The problem
Below are entries; repeat exactly, and nothing else, the lines from the one holding "Beige Square Paper" through the one holding "Royal stallion wlsg7m", inclusive. Leave the pictures out.

Raw data

________________________________________

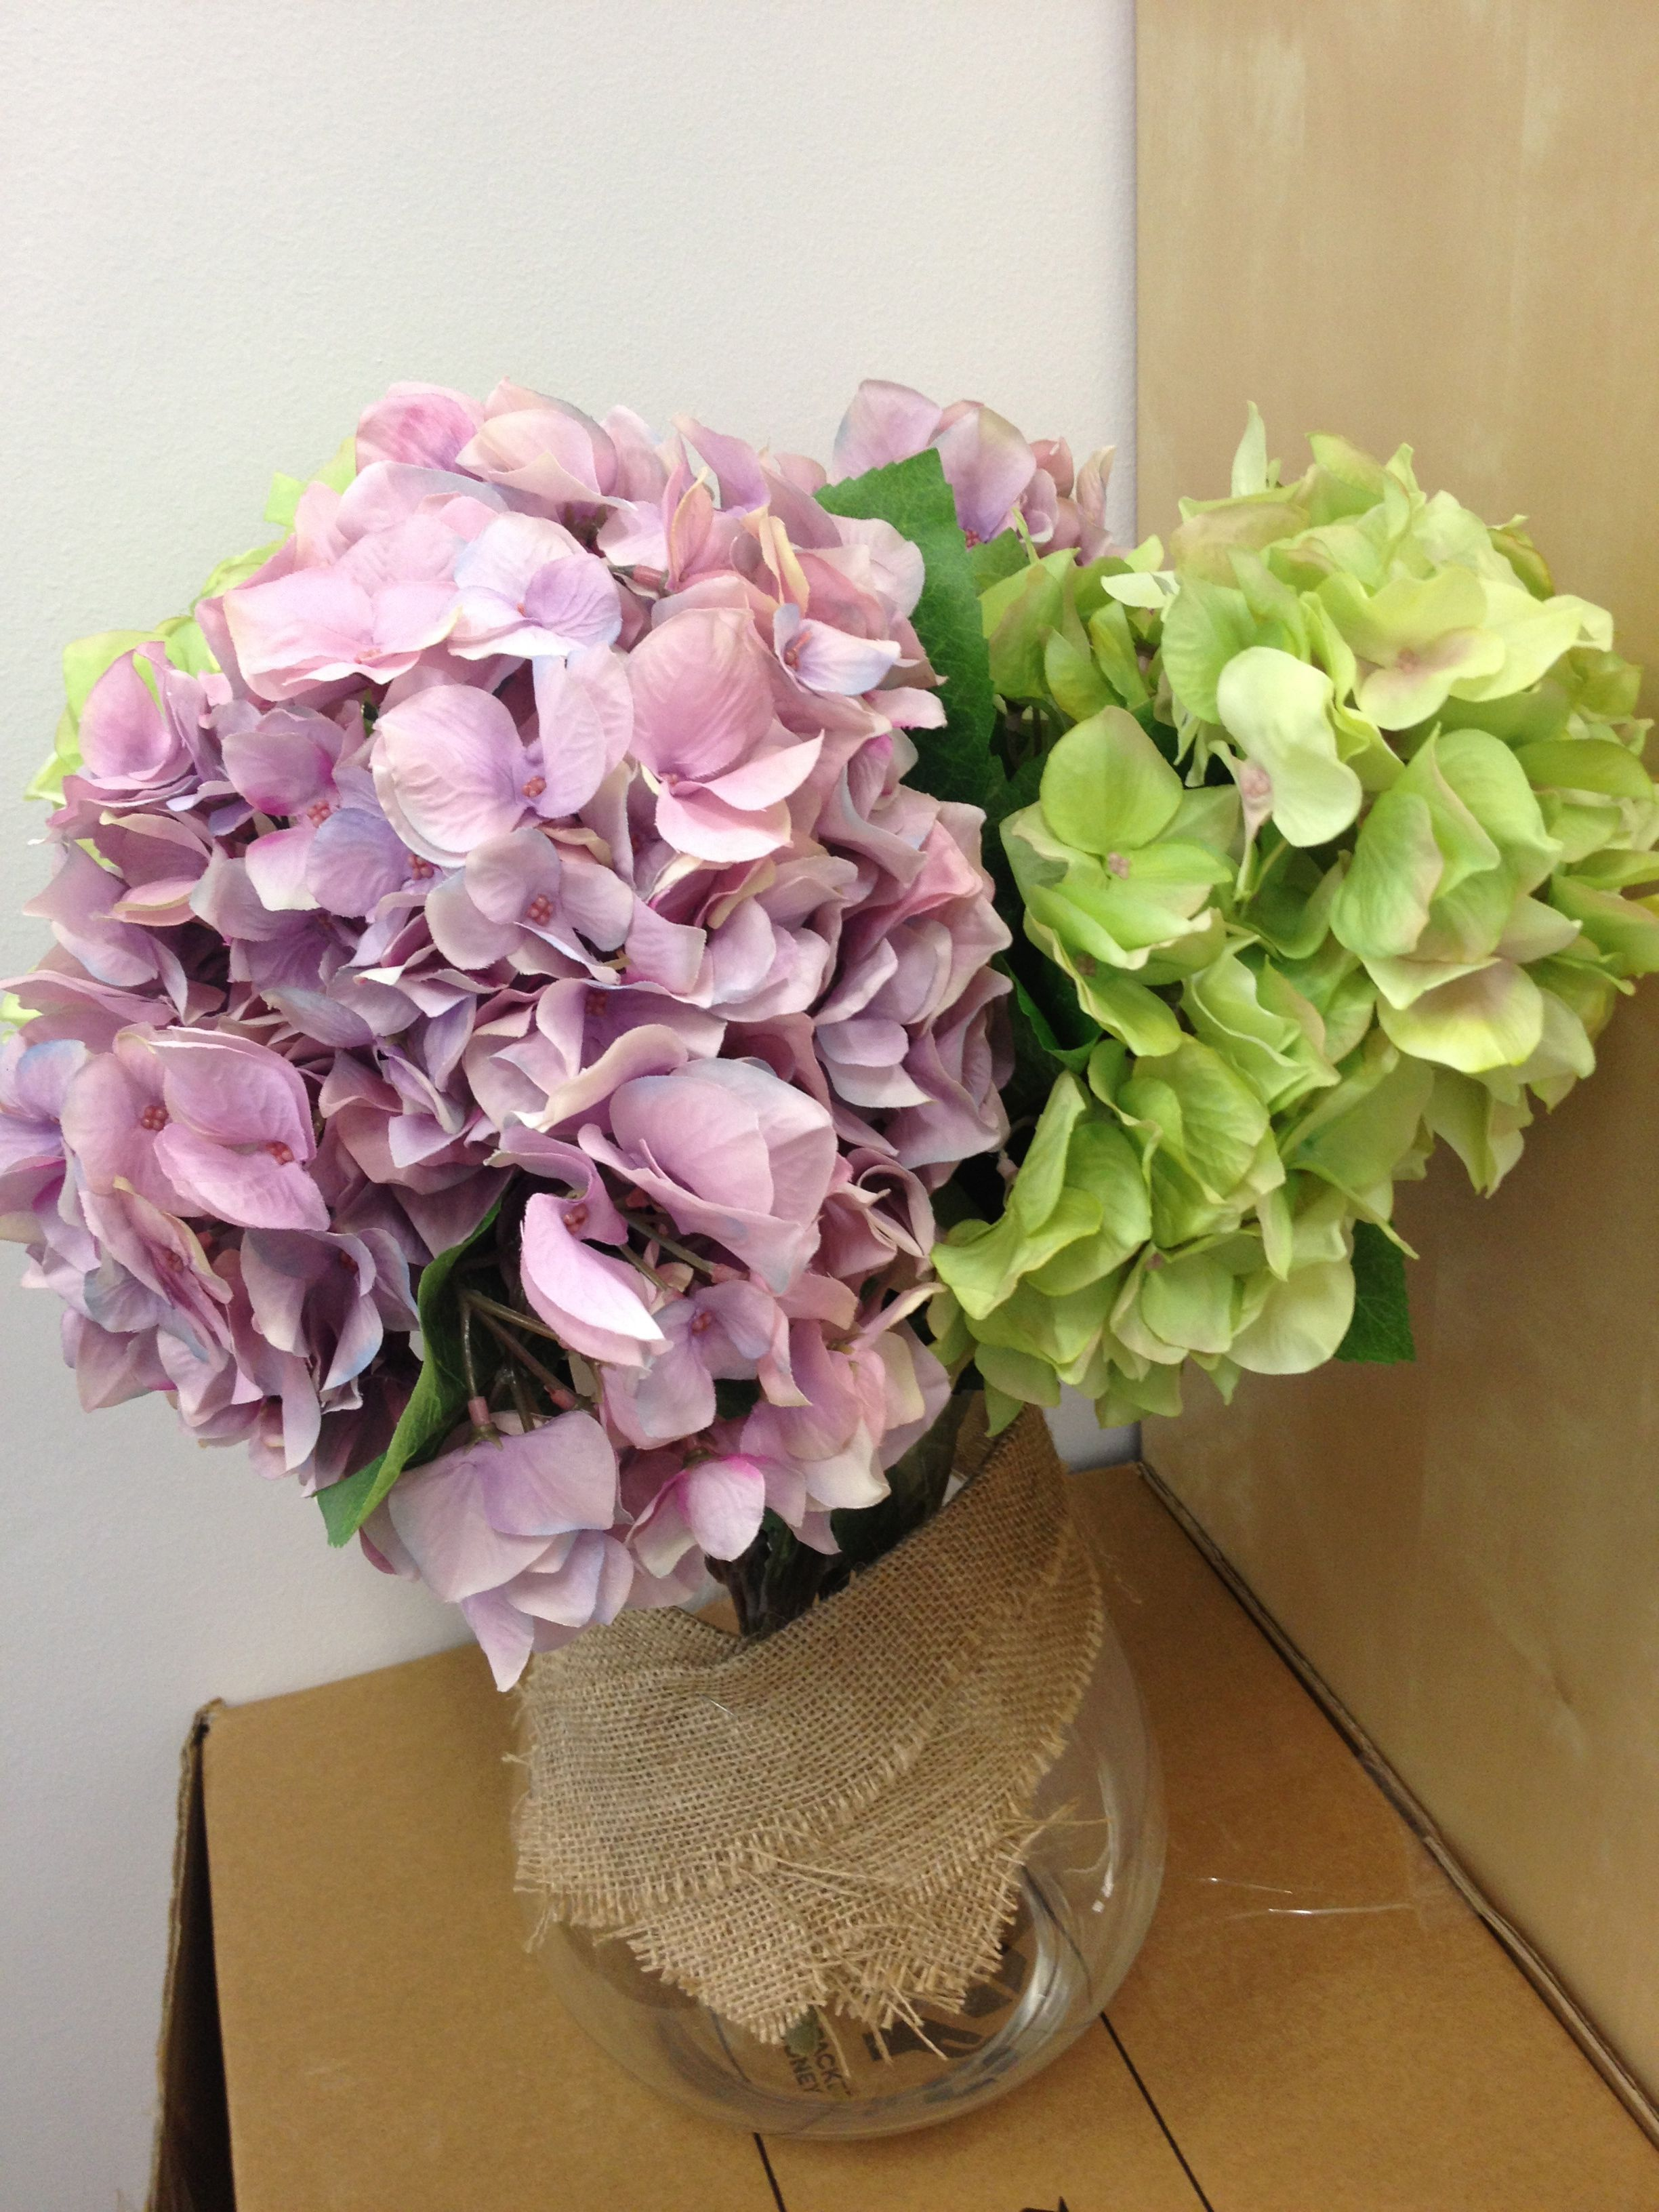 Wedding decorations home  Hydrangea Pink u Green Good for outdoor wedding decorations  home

________________________________________

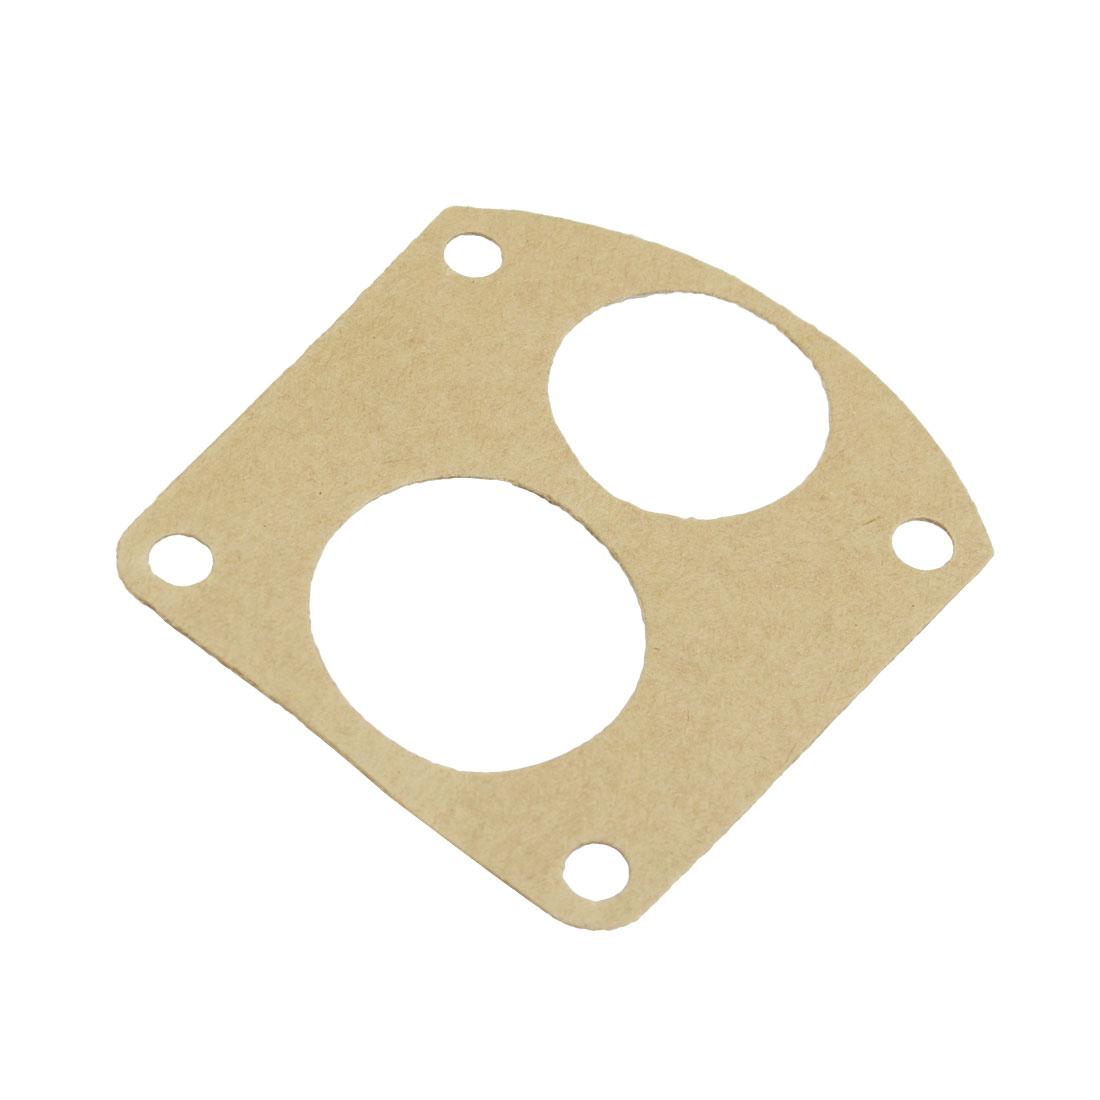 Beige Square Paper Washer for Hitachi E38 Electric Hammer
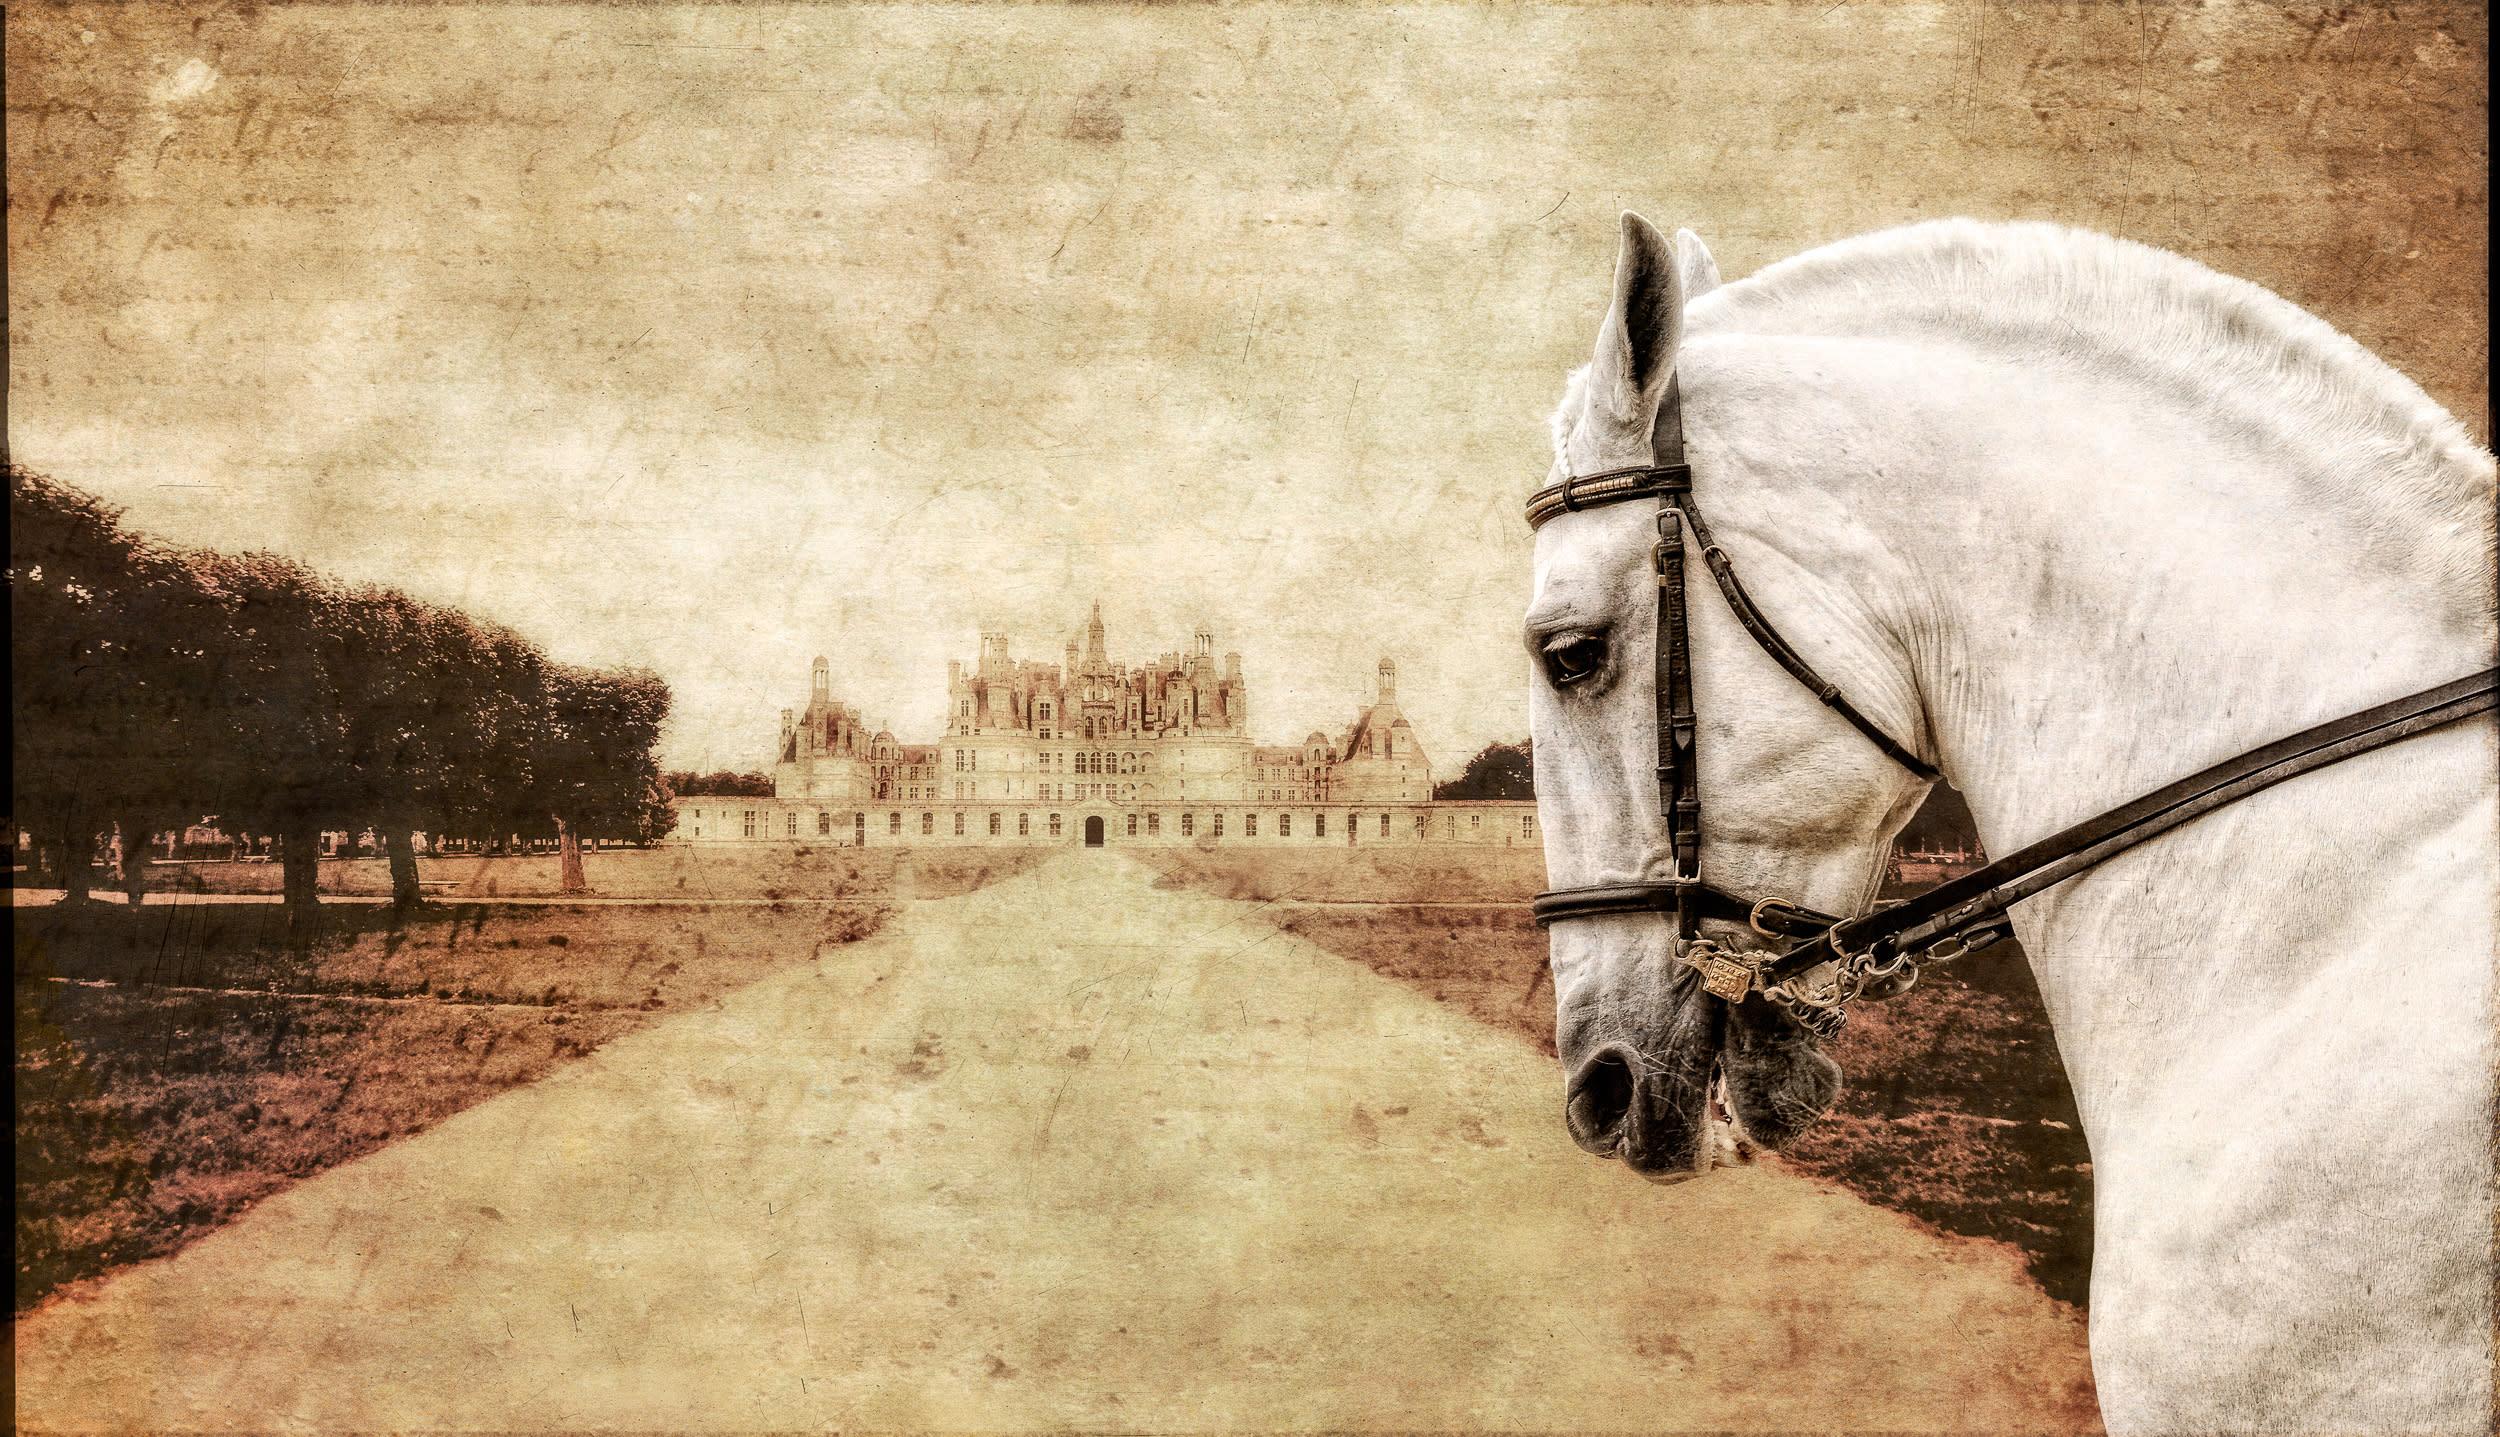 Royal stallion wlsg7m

________________________________________

Solution to this exercise
 Beige Square Paper Washer for Hitachi E38 Electric Hammer
 Royal stallion wlsg7m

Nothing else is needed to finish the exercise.